La conquista española del Tahuantinsuyo comenzó en 1532 con un hito memorable. El 15 de noviembre de ese año, Francisco Pizarro llegó a Cajamarca en el actual Perú, donde conocería al rey Inca Atahualpa. Tras una cruenta guerra civil de sucesión, el segundo de dos hermanos se había hecho con el poder del fallecido rey Inca Huayna Cápac.
Tan pronto como los castellanos llegaron a la ciudad que encontraron abandonada, se escondieron en un gran castillo inca y esperaron. Unas horas después, se maravillaron por la portentosa entrada del rey Atahualpa y su séquito de 30.000 hombres que marchaban desarmados en símbolo de paz con los visitantes. No sería la primera vez que se sorprenderían, en su avance por las ciudades incas encontraron sistemas de riego, edificaciones monumentales y orfebrería jamás vistos en Europa.
Al entrar en la plaza de Cajamarca, el único español en salir al encuentro del rey inca fue el sacerdote Vicente de Valverde, quien, a través de un intérprete, había solicitado a Atahualpa que aceptara el cristianismo como religión verdadera y se sometiera a la autoridad real. El monarca recibió un devocionario y un anillo que miró fijamente y que luego tiró al suelo seguramente porque carecían de valor ceremonial. Esto enfureció a los españoles, quienes inmediatamente rompieron el silencio disparando sus armas y rifles. Los estandartes de Atahualpa fueron brutalmente asesinados y, aunque fueran reemplazados de inmediato, el carruaje cayó junto con el monarca.
Como resultado, Atahualpa fue recluido en un palacio en Cajamarca.

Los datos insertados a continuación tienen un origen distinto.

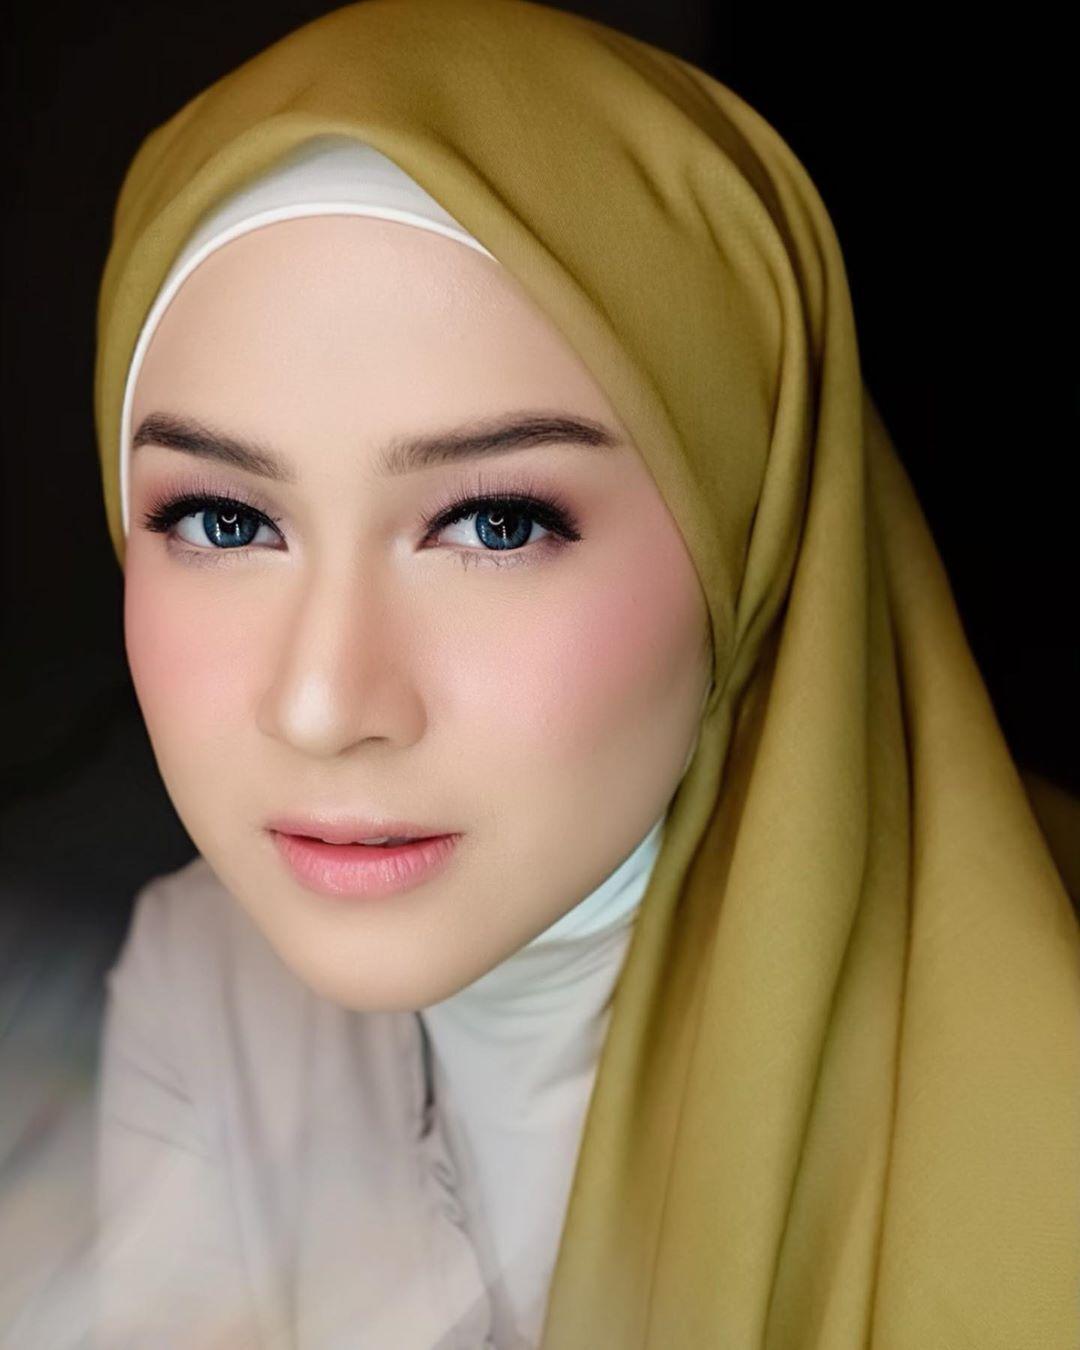 Gambar Mungkin Berisi 1 Orang Dekat Artis Hijab

En su encierro, proporcionó condiciones para su liberación: llenar la habitación cerrada y hasta donde alcanzara su mano con oro y plata, varias veces. Pizarro aceptó la propuesta y la orden fue enviada inmediatamente a todo el Imperio Inca para proveer tanto oro y plata como fuera posible. Tras cumplir su parte, los españoles lo condenaron a muerte por idolatría, fratricidio y poligamia.
El rey Atahualpa fue bautizado como Francisco y posteriormente asesinado por ahorcamiento el 26 de julio de 1533. Poco después, el 18 de junio de 1533, Pizarro ordenó fundir el producto del rescate para la distribución del botín que ha sido valorado en 1,3 millones de pesos españoles y 51.000 marcos de plata.
Este rescate pagado por Atahualpa es considerado el rescate más cuantioso en la historia de la humanidad. Se estima que, en cifras actualizadas, equivaldría a USD 695 mil millones.
Algunas versiones aseguran que el Inca General Rumiñahui se dirigió a Cajamarca con unas 750 toneladas de oro adicionales trabajadas para el rescate, pero que cuando se enteró de que Atahualpa había sido asesinado, el general inca regresó a Quito, la capital del reino, y en el camino arrojó todo el tesoro en alguno de los estanques de la Cordillera Llanganates.
Rumiñahui intentó reorganizar la resistencia indígena en Quito, pero fracasó ante las fuertes alianzas entre españoles e indígenas. Aunque los españoles tenían sólo unos pocos cientos, sus aliados se contaban por miles. No solo los cañaris apoyaron a los españoles, sino también los cuzqueños, traídos por Diego de Almagro, quienes se vengaron de los quiteños por su masacre en Cuzco durante la guerra civil inca.
Los aliados indios de los españoles creían que los invasores eran Viracochas, o dioses venidos para facilitar su liberación y recuperar la ciudad de Quito, lo que facilitó la conquista del imperio. Finalmente, Rumiñahui fue capturado junto con algunos de sus comandantes y asesinado en Quito en junio de 1535. Rumiñahui no reveló jamás la ubicación del tesoro.
Se cree que el tesoro se encuentra en las aguas de Pisayambo, ahora Parque Nacional Llanganates, un área protegida en Ecuador que se emplaza entre las provincias de Cotopaxi, Tungurahua, Pastaza y Napo. El sistema acuífero del Parque Nacional de Llanganates consta de más de una docena de lagos mayores y, tal vez, centenares de lagunas menores, que se combinan en un complejo sistema hídrico en las elevaciones de los Andes ecuatorianos que, en el sector, ascienden a los 3.000 y 4.000 metros sobre el nivel del mar.
Nadie podría haber escondido mejor un tesoro como este. En sus piezas fundidas en oro podría contarse la historia jamás revelada de uno de los imperios más grandes del mundo, solamente comparado con el Imperio de Alejandro Magno. Tal vez la humanidad no está preparada para entender estos misterios. Quizás lo entendió así el inca Rumiñahui. Los tesoros de Atahualpa, del incario y del Tahuantinsuyo pueden descansar serenamente en su escondite otro medio milenio más.